None of this is present here. Here, the acknowledgment form states that Plaintiff “ha[s] been informed that a copy of [the Handbook] is available through UltiPro, or by requesting a copy from Human Resources” and that Plaintiff is “expected” to read the Handbook. (Rojas Decl., Ex. A.) The acknowledgment does not state that Plaintiff has received or read the Handbook. The acknowledgment form does not mention arbitration. Neither the Handbook nor the acknowledgment states that agreeing to the arbitration policy is a prerequisite for hiring or continued employment. Nor is there any statement that an employee will be deemed to have consented to the arbitration agreement by continuing their employment.

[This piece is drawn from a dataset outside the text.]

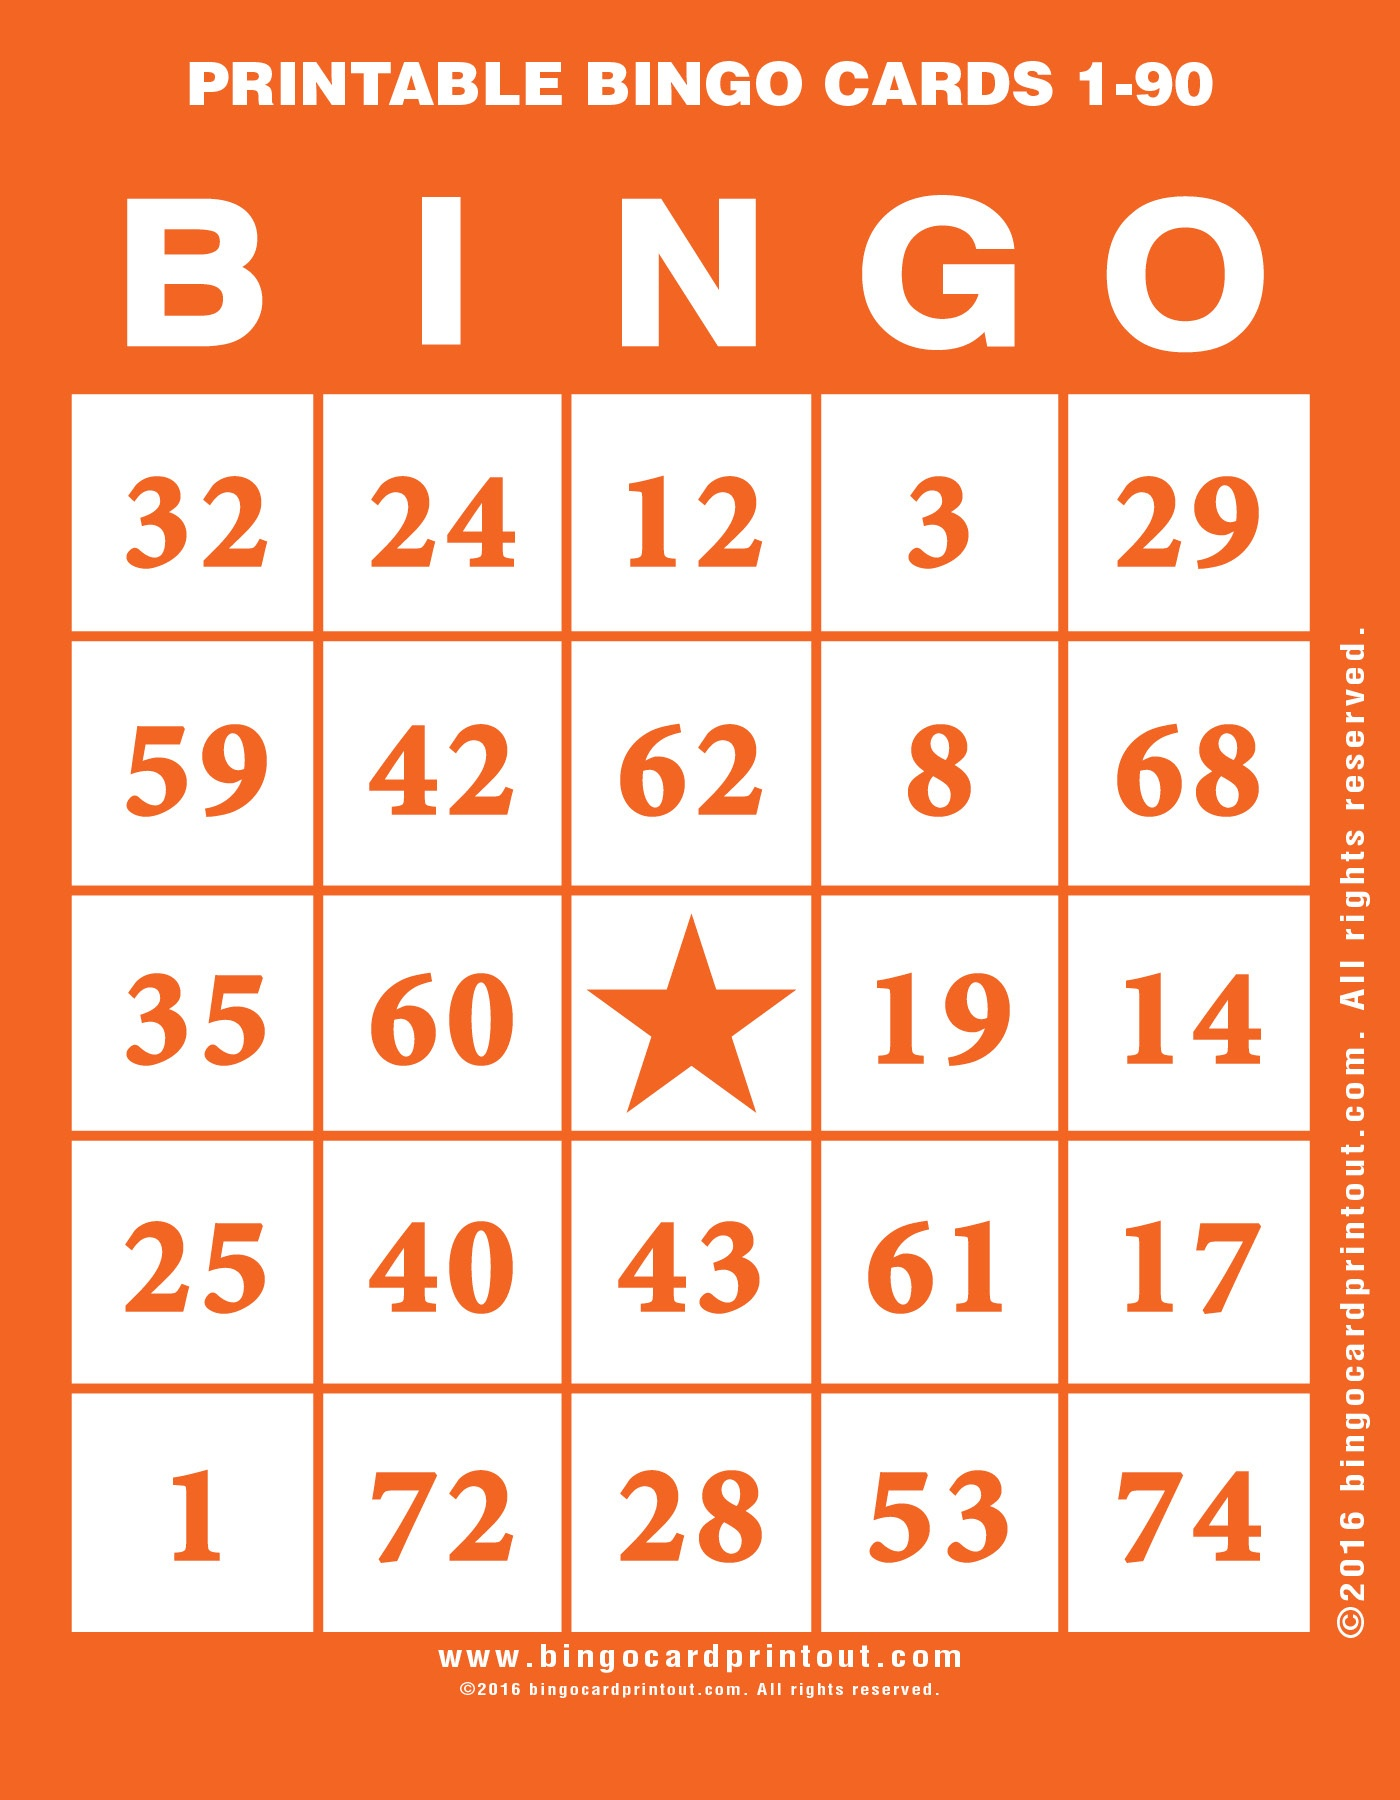 Printable Bingo Cards 1-90 - Bingocardprintout - Free Printable Number Bingo Cards 1 20

Plaintiff cannot be deemed to have executed an agreement to arbitrate where the only instrument Plaintiff signed is an acknowledgment that she has been told where to find the Handbook and that she is expected to read the Handbook. The acknowledgment form does not confirm that Plaintiff has read the Handbook or is aware of an arbitration clause. Under such circumstances, the weight of authority stands against a finding that the parties agreed to arbitration. (See Mendoza, supra, 75 Cal.App.5th at p. 784; Sparks, supra, 207 Cal.App.4th at p. 1522; Mitri, supra, 157 Cal.App.4th at p. 1173.) Although the law favors arbitration, it does not require arbitration where no agreement to arbitrate exists. (Lopez v. Charles Schwab & Co., Inc. (2004) 118 Cal.App.4th 1224, 1229.)

CONCLUSION

            Defendant’s motion to compel arbitration is DENIED.